You would need to replace the intake manifold, add a throttle body fuel injector, add a fuel vapor recovery assembly, engine control module, and a whole bunch of wiring harnesses and sensors. A 1995 5.0 OMC is a GM based engine and although the automotive components may look similar they are not even close in terms of functionality.

Stick with the carb. When properly adjusted and tuned the 5.0 is a very good marine engine, smooth and strong.
Old 07-13-07, 04:25 AM
Join Date: Aug 2005
Posts: 2,268
There are specialty marine conversion kits available for older engines like yours. Most of the parts are relatively "bolt on", so to speak and are included in the kit. The biggest "boat modification" is a return line from your engine to your fuel tank. Not to say there isn't a lot involved, from the new throttle body assembly, to the remote ECM, high pressure fuel pump, regulator, fuel rails, etc. However, if you're willing to spend the approximately $2000 - $2500 for the parts - and the time to do the conversion, it can be well worth it in terms of performance and reliability. Will it be worth it in terms of resale value - questionable...

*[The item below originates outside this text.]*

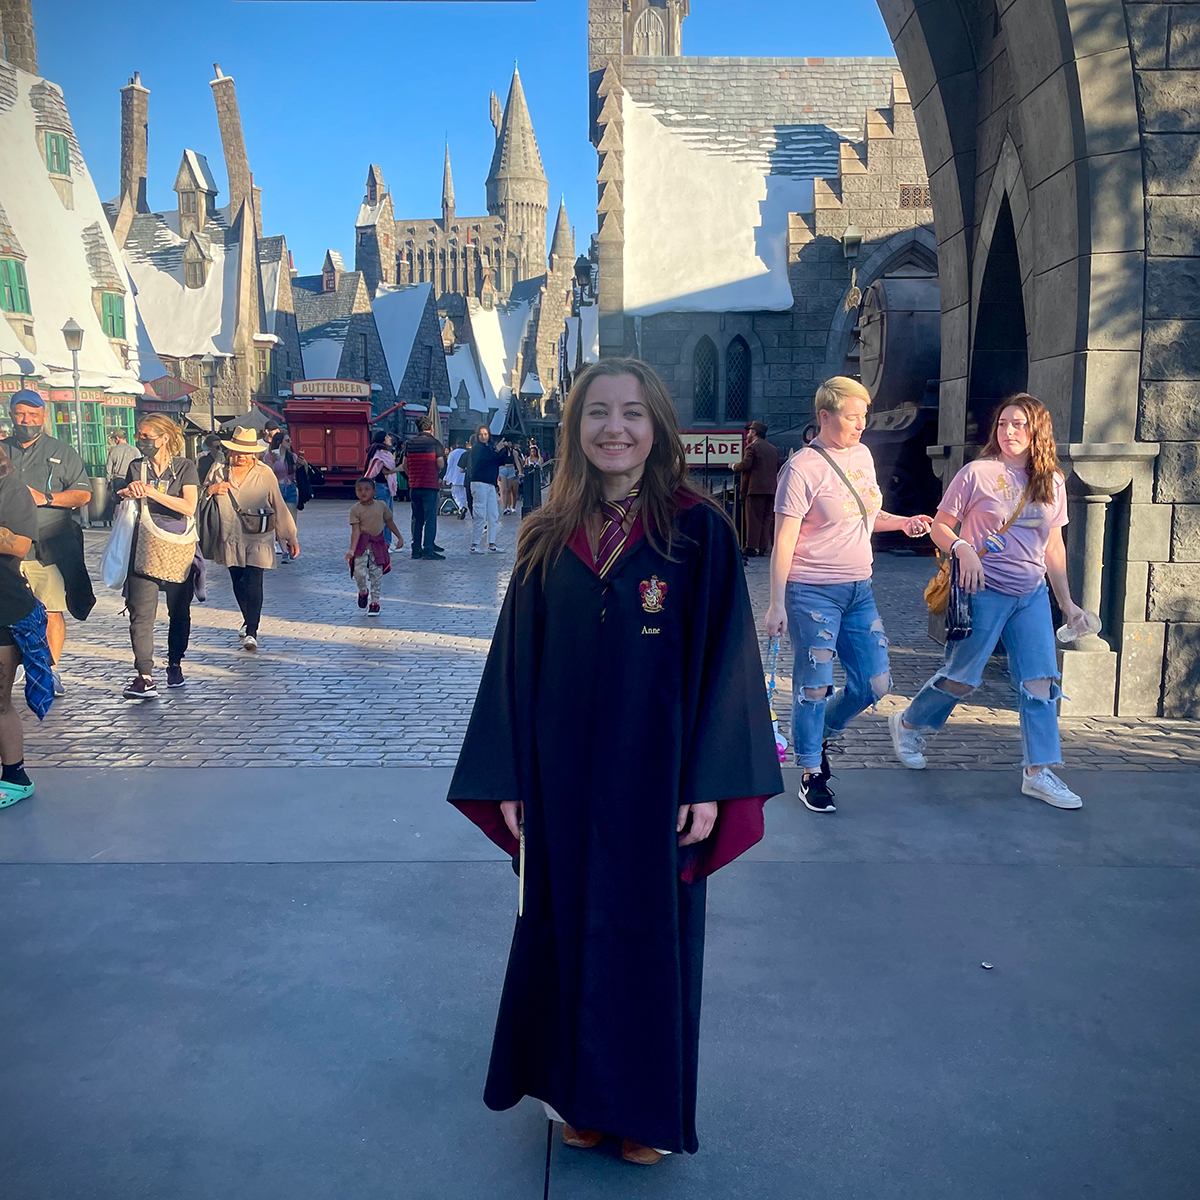 Annie standing in the middle of a street in the Hogwarts exhibit at Universal Studios, California.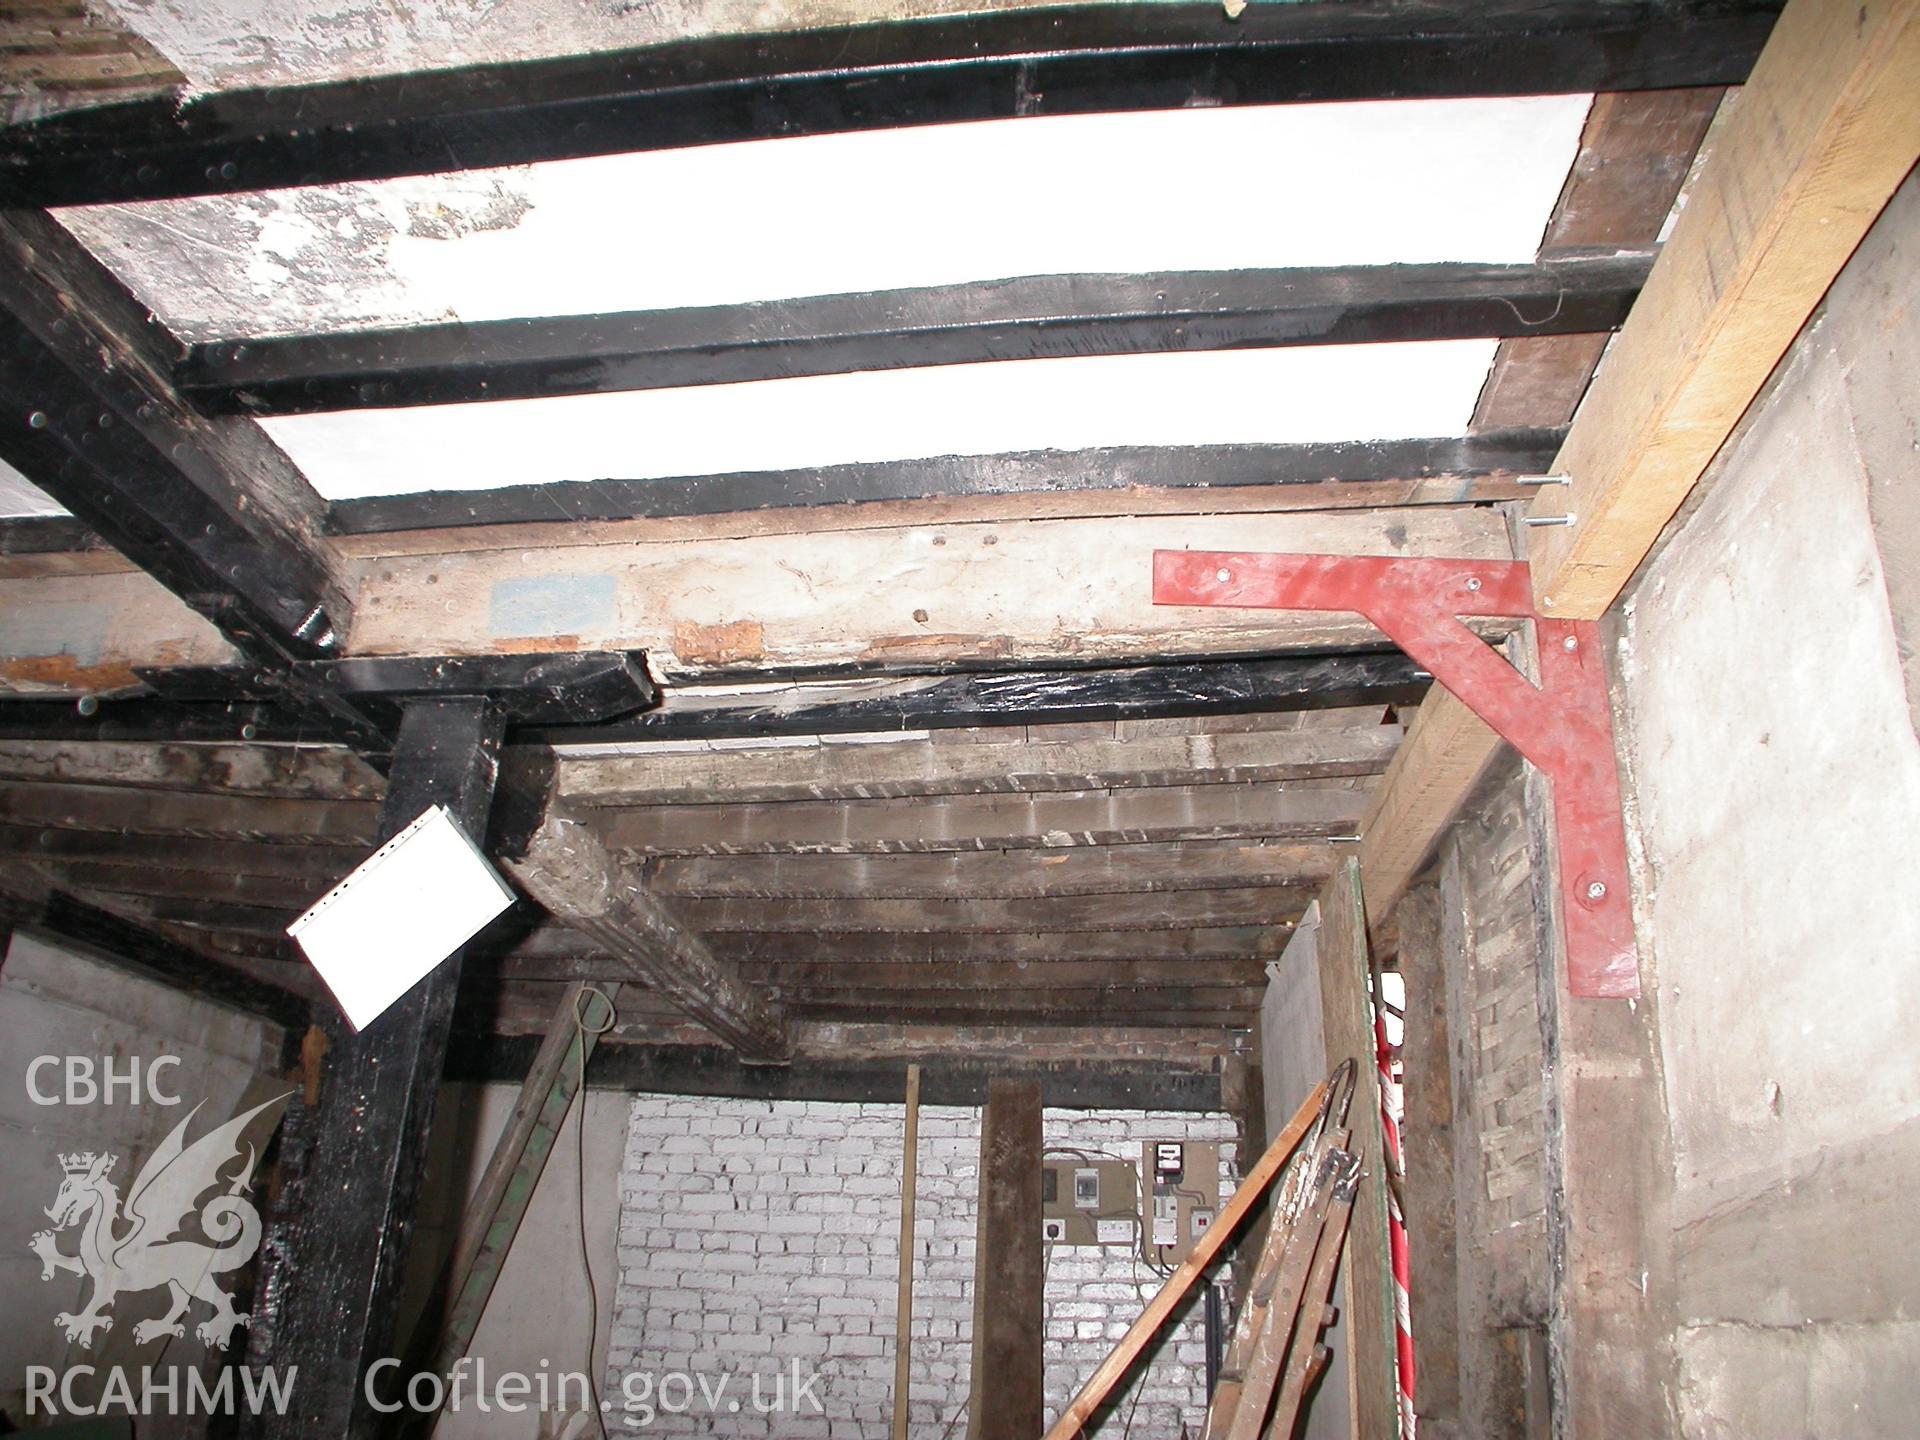 Ground-floor, at site of cross-partition under ceiling beam.

An automotive conversion kit is similar but there are, in fact differences - a marine system is, or should be, designed for the conditions experienced in the marine environment - they are made of water resistent materials and design. As mentioned above, that GM small block you're running is essentially an automobile engine, but has special gaskets/cooling system, parts, that differentiate it from the one in your car.